Yes and the author conflates "administrative state" with "Deep State." Could be he's too ignorant to be writing on the subject. Or he could genuinely not even know the difference. Again, an area where many conservative law experts have written extensively (one of the best being Phil Hamburger's "Is Administrative Law Legal?") and widely discussed the subject publicly (The Hugh Hewitt Show, Volokh Conspiracy, etc.) yet WaPo assigns a guy who can't be bothered to even correctly define the terms.

At least he seems vaguely aware that the Supreme Court has come down on the side of the "as written" Constitution and ruled in favor of the legislature making laws, not deferring to unelected admins.

Original Mike said...

I used to be confused about the concept of government agencies being "independent" of the President. I "bought it", because I heard it repeated endlessly, but I couldn't figure out how it worked. From whence did they receive their authority?

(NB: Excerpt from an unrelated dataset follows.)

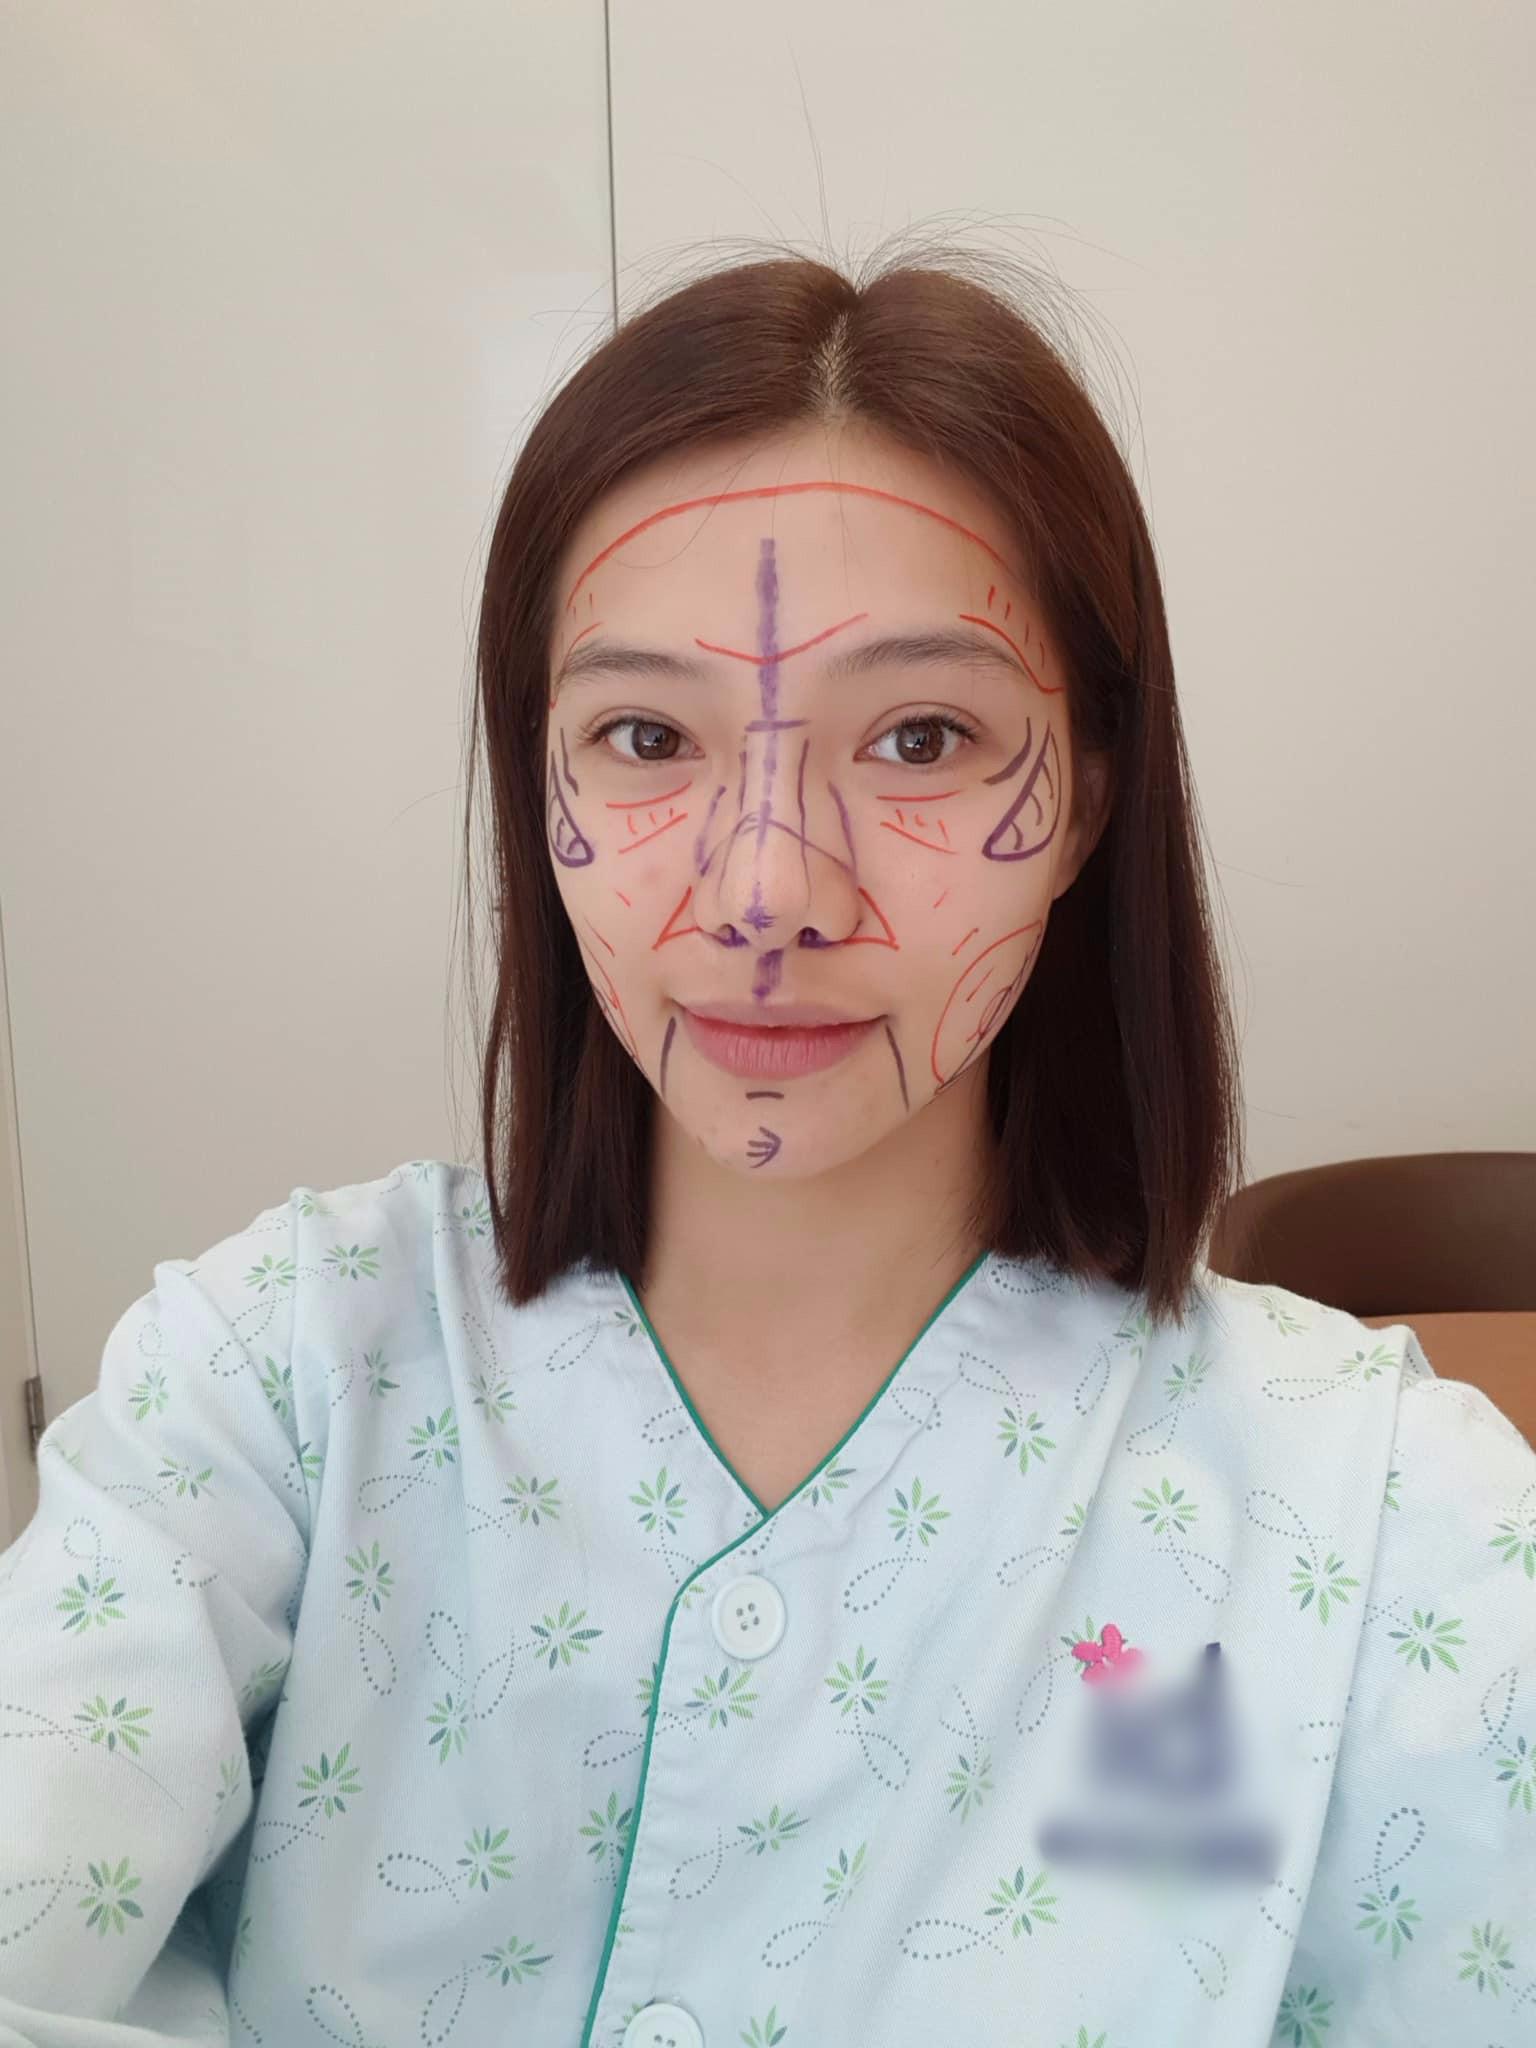 """VZN News: Lưu Đê Ly khoe trải qua 6 ca phẫu thuật ở Hàn để """"đập mặt làm lại"""", đẹp hay không chưa bàn chỉ biết là quá dũng cảm rồi! - Ảnh 2."""

But I get it now; the left/democrats essentially own these agencies (the Deep State is real) and so it's in their interest to claim that agencies are independent. It's a power grab, pure and simple.

Mike (MJB Wolf) said...

Just like the long line of history's famous autocrats before him Trump is devolving power to the states, defunding unauthorized parts of the Executive Branch, signing executive orders reigning in the police state and supporting freedom of speech, and focusing departments on their mission instead of meddling in our affairs. Right perfesser?

Mike (MJB Wolf) said...

No, he's defending environmental rulings created by the administrative state. Our actual environmental laws are modest and limited in scope, exactly what irks the perfesser. Leftists can't even write an honest bio-blurb.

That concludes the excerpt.